- Conservation status: Data Deficient (IUCN 3.1)

Scientific classification
- Kingdom: Plantae
- Clade: Tracheophytes
- Clade: Angiosperms
- Clade: Magnoliids
- Order: Magnoliales
- Family: Annonaceae
- Genus: Duckeanthus R.E.Fr.
- Species: D. grandiflorus
- Binomial name: Duckeanthus grandiflorus R.E.Fr.

= Duckeanthus =

- Genus: Duckeanthus
- Species: grandiflorus
- Authority: R.E.Fr.
- Conservation status: DD
- Parent authority: R.E.Fr.

Genus of plant in the soursop family

Duckeanthus is a genus of plant in the family Annonaceae. It is native to Brazil. It contains a single species, Duckeanthus grandiflorus. Robert Elias Fries, the Swedish botanist who first formally described it, named it in honor of Adolpho Ducke who collected the specimen he examined, and its large (grandis in Latin) flowers.

==Description==
It is a small tree. Its mature branches are smooth. Its internodes 3-5 cm long. Its hairless petioles are 5–7 millimeters long and 3 millimeters thick and have a deep groove on their upper surfaces. Its papery, elliptical leaves are 19-23 cm by 7.5-10.5 cm.
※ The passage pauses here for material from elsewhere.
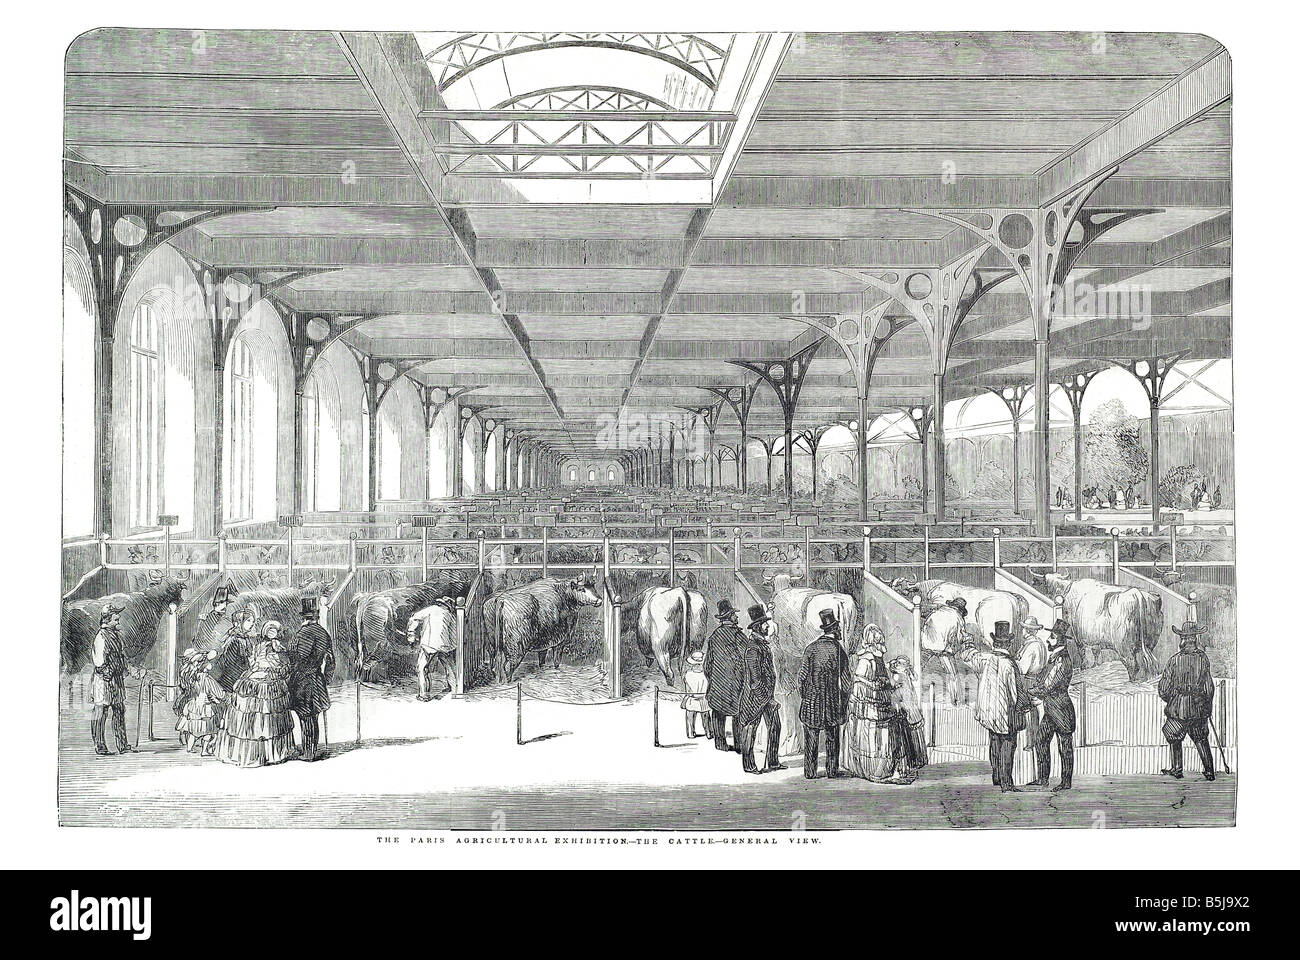 The paris agricultural exhibition the cattle general view June 21 1856 The Illustrated London News Page 676 Stock Photo

The leaves have bright green hairless upper surfaces and yellow-green hairless lower surfaces. The tips of the leaves come to an abrupt tapering point about 2 centimeters long. Its leaves have about 10 secondary veins emanating from either side of their midribs. The secondary veins arch toward the leaf tip and join one another 4–6 millimeters before reaching the margin of the leaf. Its inflorescences have 1–2 flowers and are emerge from extra-axillary positions. Its white flowers are on 2 centimeter long, erect, hairless, warty pedicels. The pedicels have a 2 millimeter long bract at their base and about halfway up their length. Its round to triangular sepals are 15 by 15 millimeters and come to a point at their tip. The sepals are hairless on both sides, but are often warty. It has 6 fleshy petals in two rows of 3. Its outer petals are 3 by 2 centimeters, have silky hairs on their inner surfaces, and come to a shallow point at their tip. Its rhomboidal to oval inner petals are 4.5–5 by 2.5–3 centimeters and covered in sparse hairs. Its 2.5-3 millimeter long stamens form an androecium 1.5 centimeters in diameter. The connective tissue between the lobes of anthers is overgrown to form a flat cap covered in short hairs. Its narrow, oval ovaries are 1.5 millimeters long and covered in rust-colored hairs. Its bristly stigmas are 1.5 millimeters long.

===Reproductive biology===
The orange pollen of D. grandiflorus is shed as permanent tetrads.

===Habitat and distribution===
It has been observed growing in wet forest habitats.